◆ YOUR TASK ◆
Every line from the one containing "Signalisation pour Hungry" to the end of the data below should be copied exactly, but pictures should not.

◆ DATA PROVIDED ◆
========
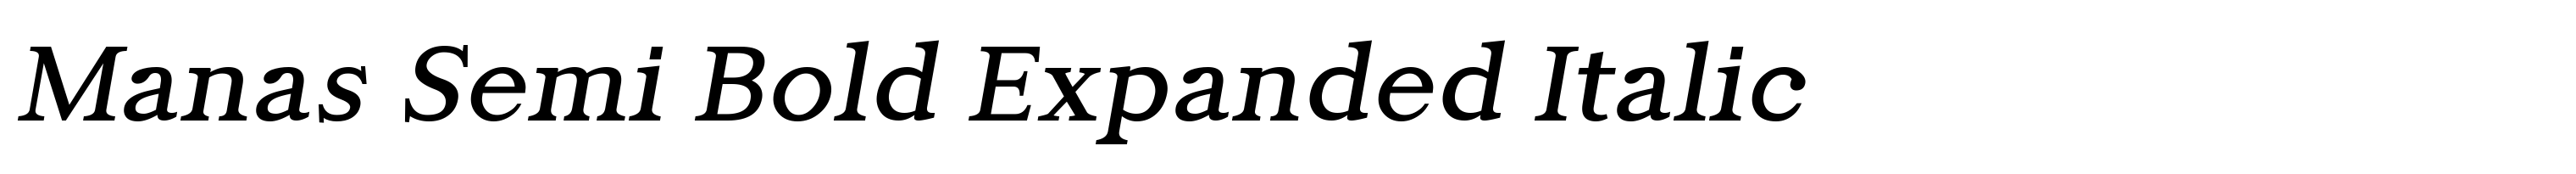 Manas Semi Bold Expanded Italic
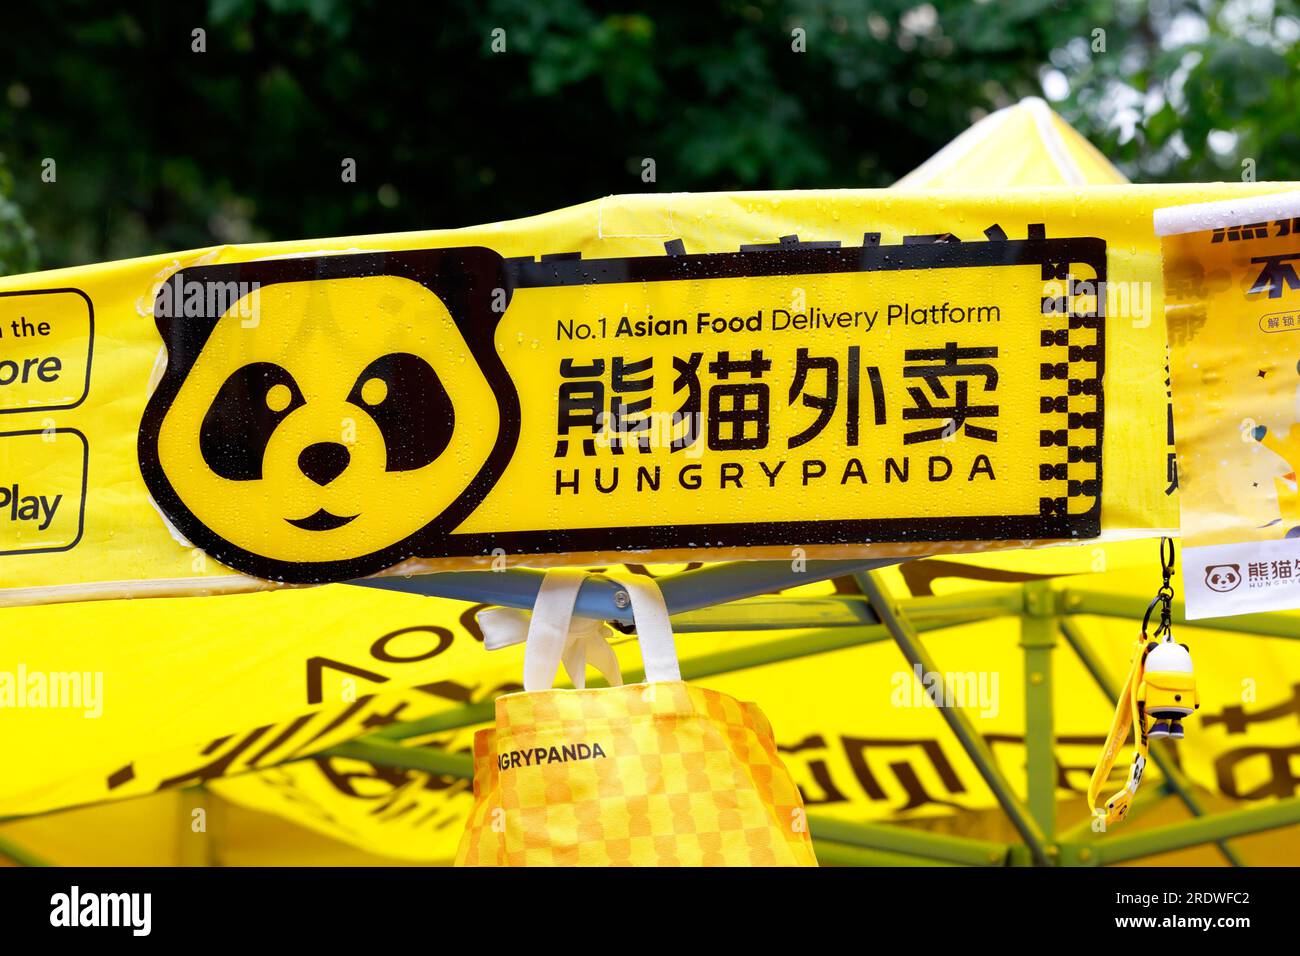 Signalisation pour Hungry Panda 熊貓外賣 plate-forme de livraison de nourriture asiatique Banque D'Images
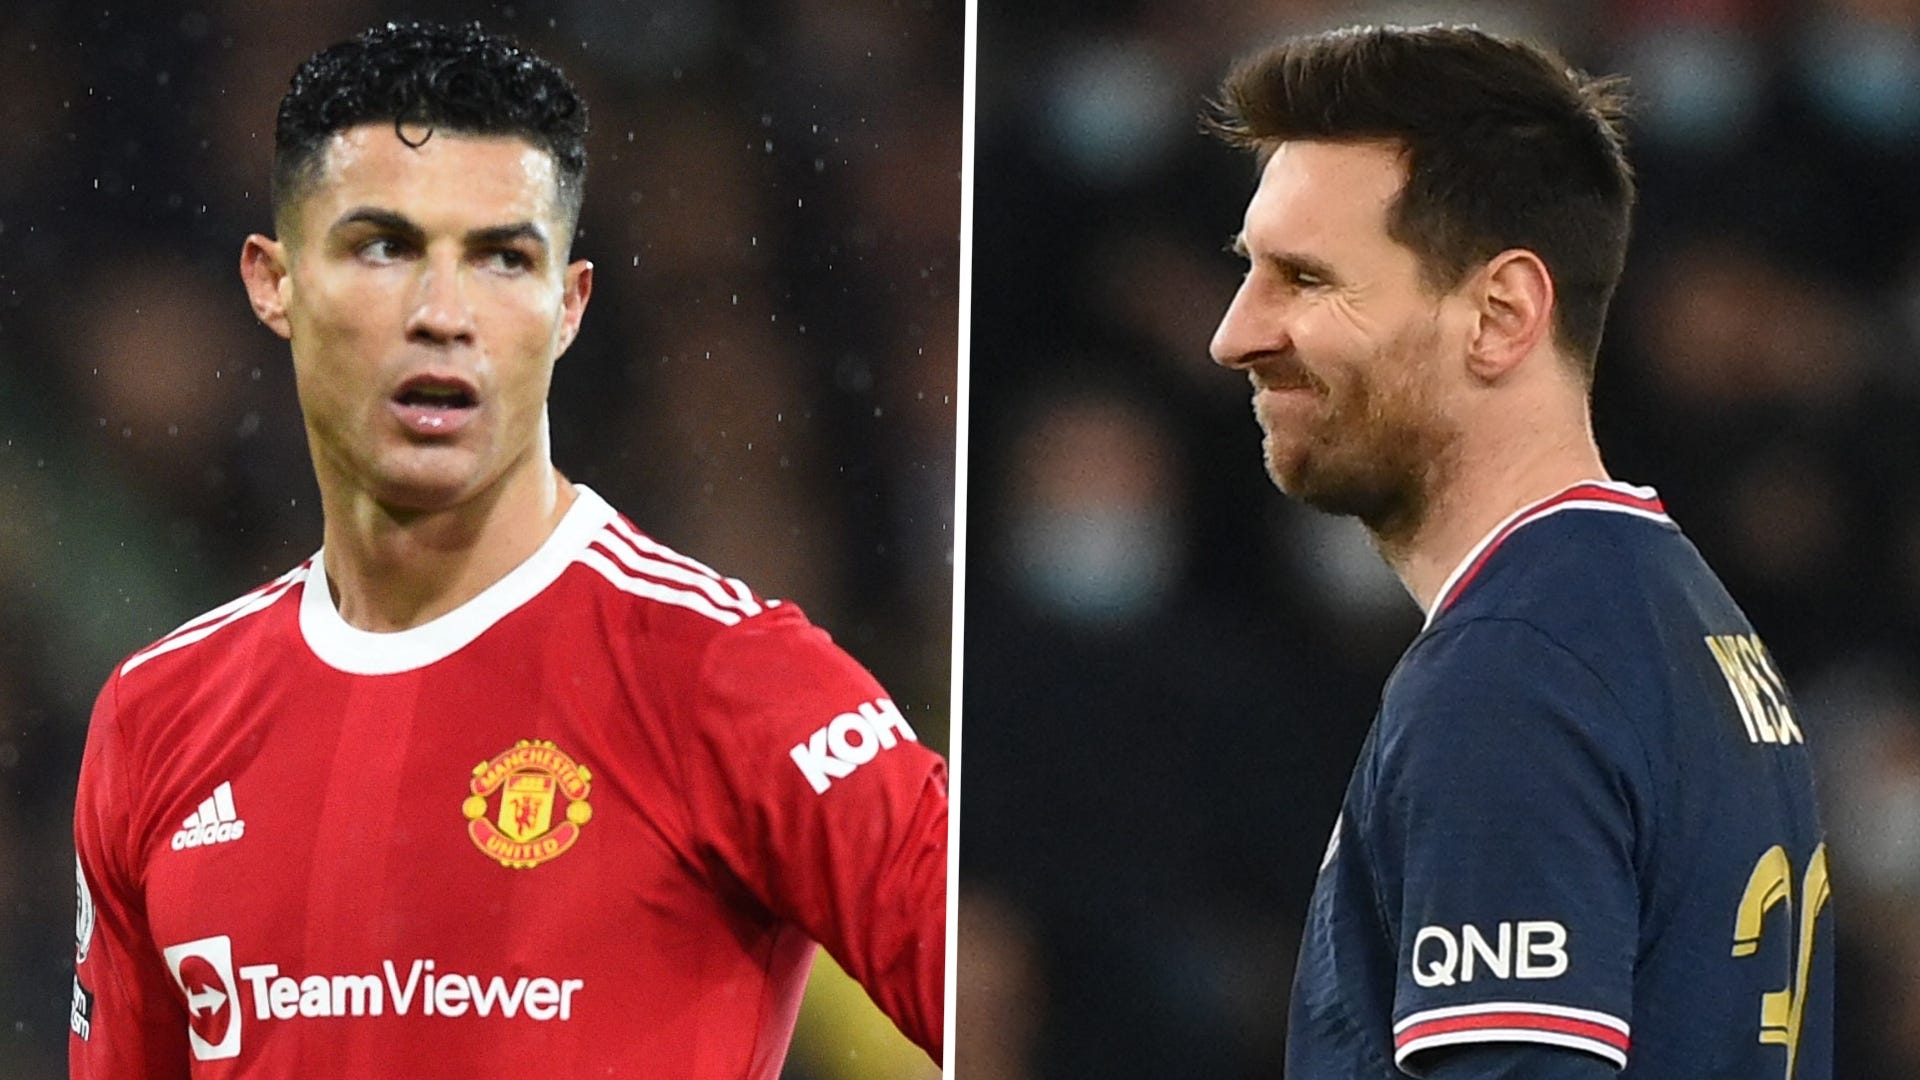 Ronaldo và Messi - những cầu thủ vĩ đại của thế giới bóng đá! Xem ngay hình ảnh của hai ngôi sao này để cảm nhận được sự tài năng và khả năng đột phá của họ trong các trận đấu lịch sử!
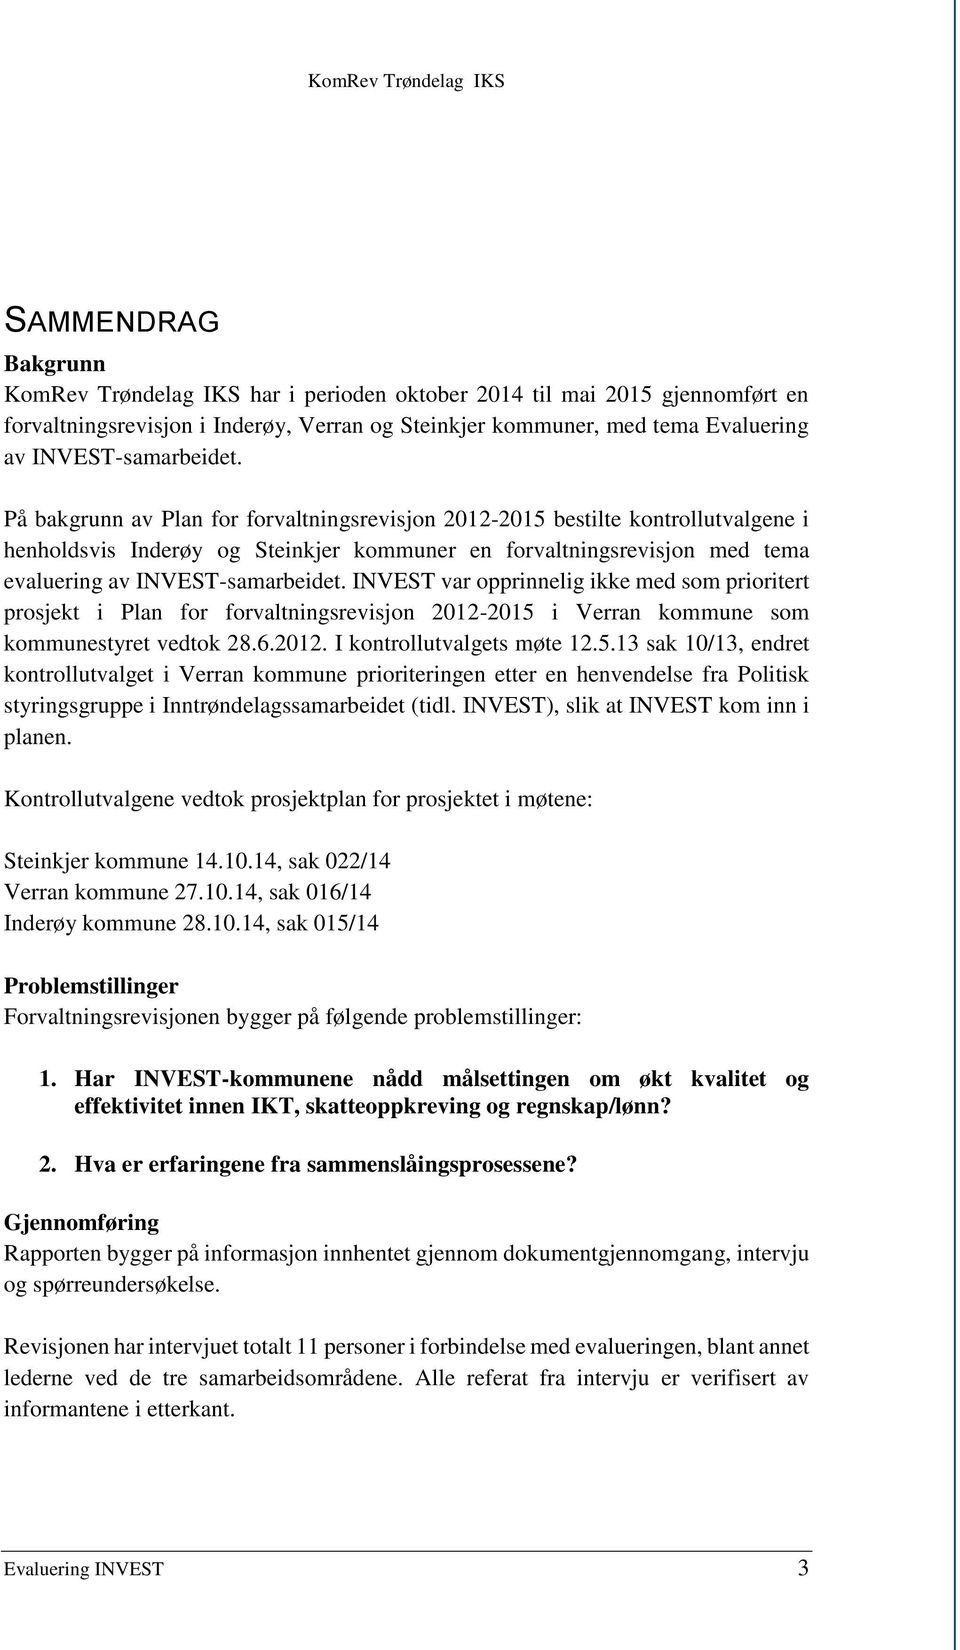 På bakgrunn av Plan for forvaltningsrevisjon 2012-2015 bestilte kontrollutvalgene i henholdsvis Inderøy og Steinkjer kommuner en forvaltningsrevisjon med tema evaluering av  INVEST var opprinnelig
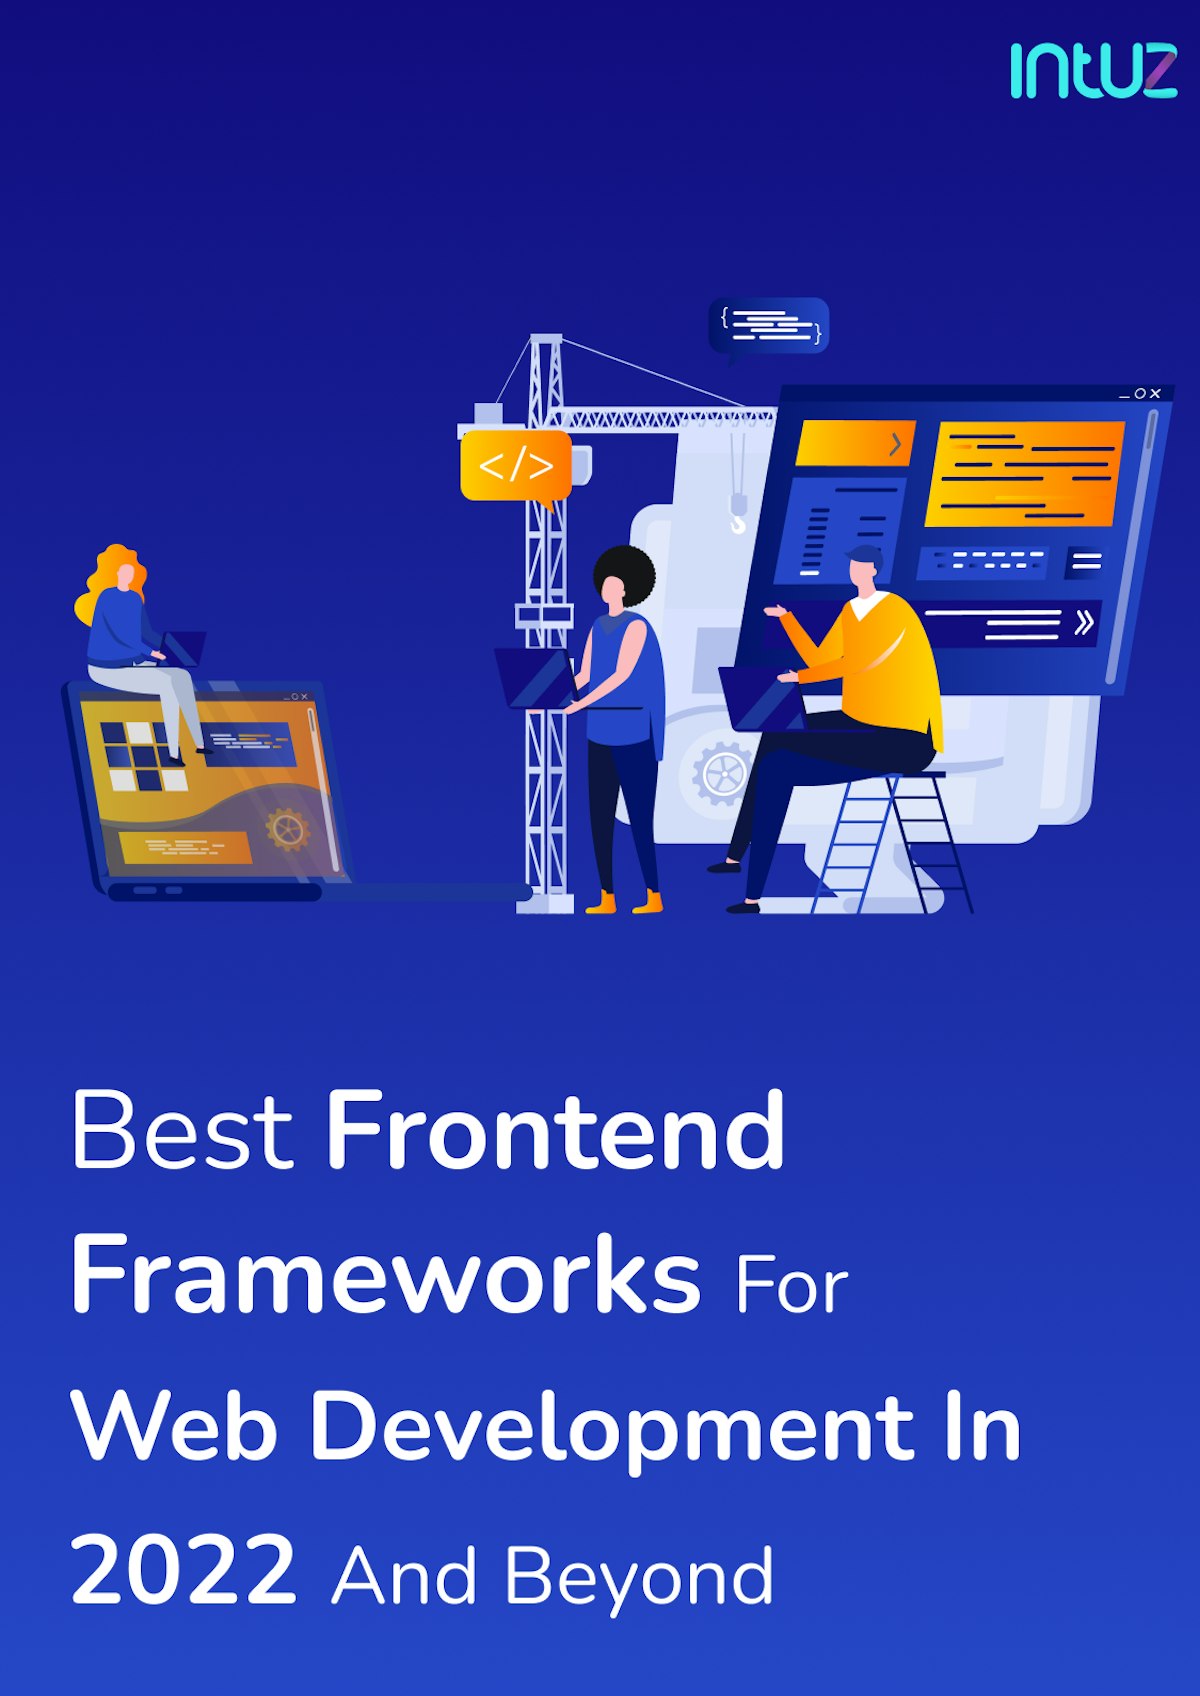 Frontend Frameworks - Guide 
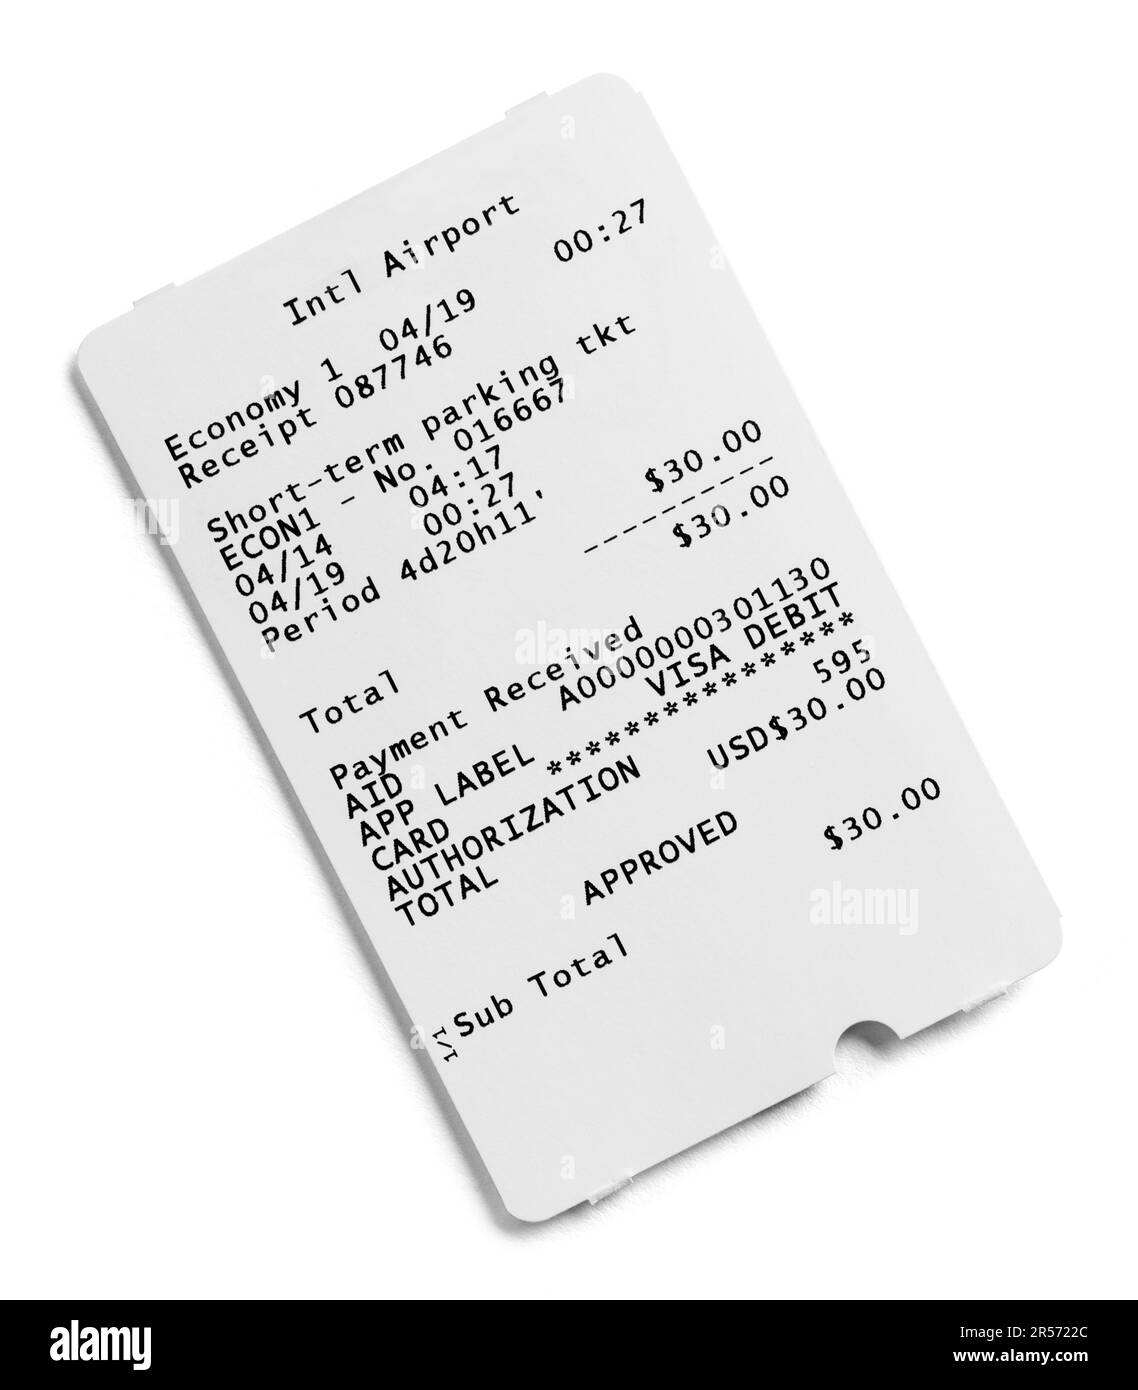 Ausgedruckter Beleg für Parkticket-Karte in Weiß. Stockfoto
========
◆ TASK RESPONSE ◆
 Signalisation pour Hungry Panda 熊貓外賣 plate-forme de livraison de nourriture asiatique Banque D'Images
 Ronaldo và Messi - những cầu thủ vĩ đại của thế giới bóng đá! Xem ngay hình ảnh của hai ngôi sao này để cảm nhận được sự tài năng và khả năng đột phá của họ trong các trận đấu lịch sử!
 På bakgrunn av Plan for forvaltningsrevisjon 2012-2015 bestilte kontrollutvalgene i henholdsvis Inderøy og Steinkjer kommuner en forvaltningsrevisjon med tema evaluering av  INVEST var opprinnelig
 Frontend Frameworks - Guide 
 Ausgedruckter Beleg für Parkticket-Karte in Weiß. Stockfoto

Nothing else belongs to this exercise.